Fluorometric titrations of papain, succinyl-papain and the corresponding methylthio derivatives of Cys-25 (papain-S-SCH3 and succinyl-papain-S-SCH3) were determined. Removal of the methylthio group from Cys-25 resulted in an increase of .apprx. 4 pK U in the fluorometrically determined pK value. The correspondence between the ionization behavior as determined by proton NMR and fluorometric titrations indicated that fluorescence titrations reflect the ionization behavior of His-159 in both the active enzyme and the methylthio derivative. The ionic strength dependence of the pK was analyzed in terms of simple electrostatic theory and was shown to be consistent with the charge on the protein.

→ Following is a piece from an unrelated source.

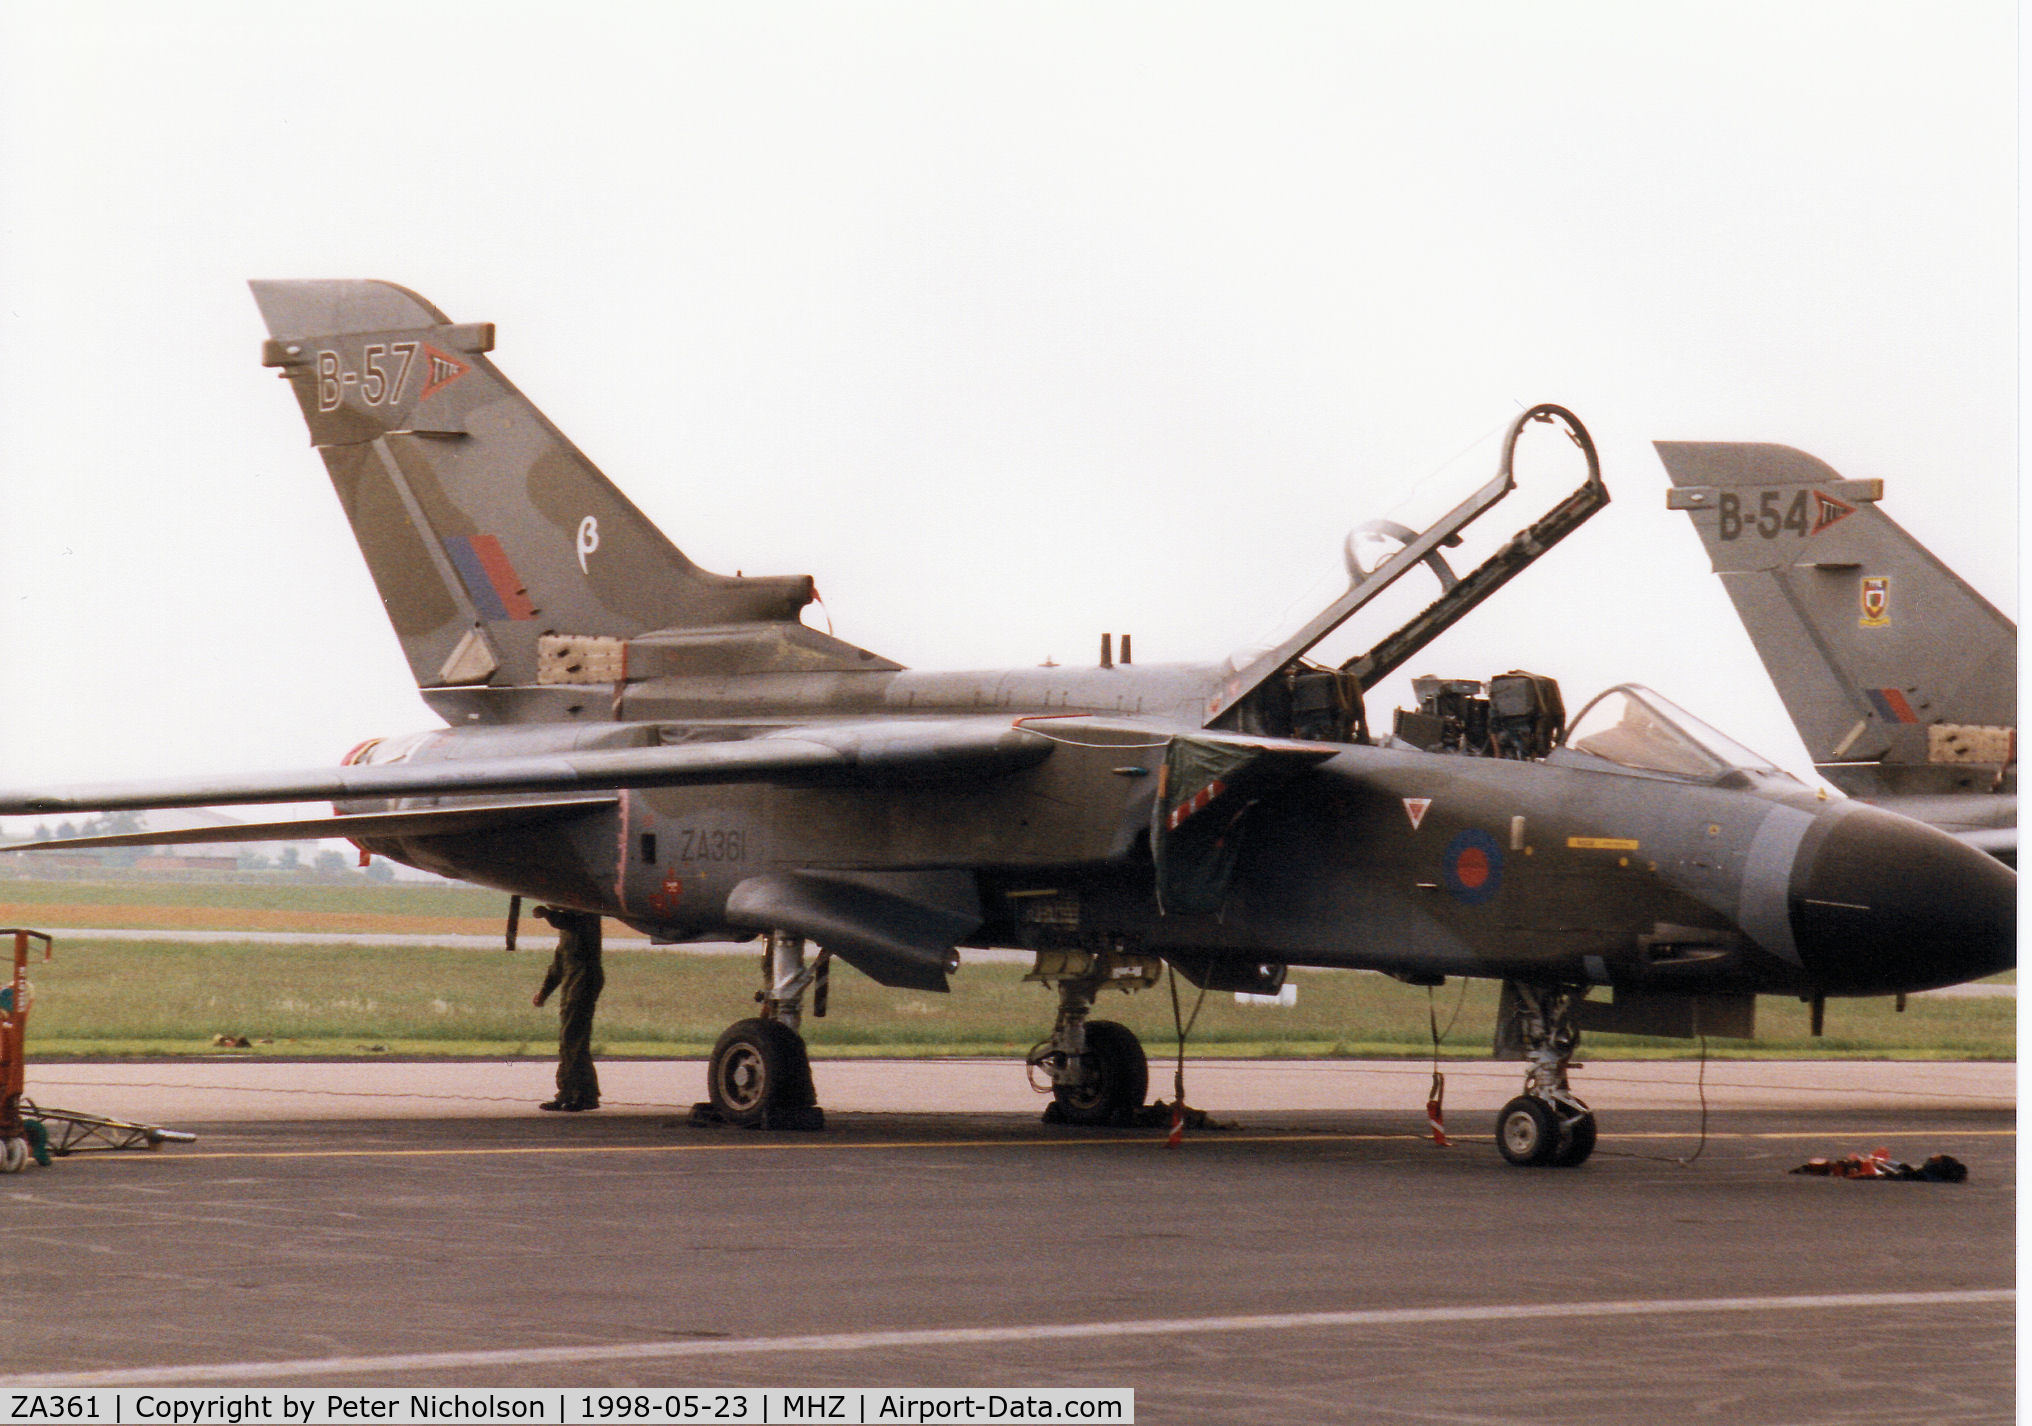 ZA361, 1981 Panavia Tornado GR.1 C/N 042/BS011/3022, Tornado GR.1 of B Squadron of the Tri-National Tornado Training Establishment - TTTE - based at RAF Cottesmore on the flight-line at the 1998 RAF Mildenhall Air Fete.

The temperature dependence of the pK values of His-159 indicated an increase in the heat of ionization from about 0 to 8 kcal/mol upon removal of the methylthio blocking group from Cys-25. Measurements of the effect of solvent on the pK''s and heats of ionization of simple model compounds indicated that the observed shift in enthalpy of ionization of His-159 upon removal of the methylthio group from Cys-25 is not unreasonable in light of the accompanying perturbation of more than 4 pK units in the pK of His-159. The perturbations in enthalpies and free energies are attributed to formation of an ion pair. The ionization behavior of His-159 in thiol-blocked derivatives of papain is consistent with the involvement of His-159 in the deacylation step in papain catalysis.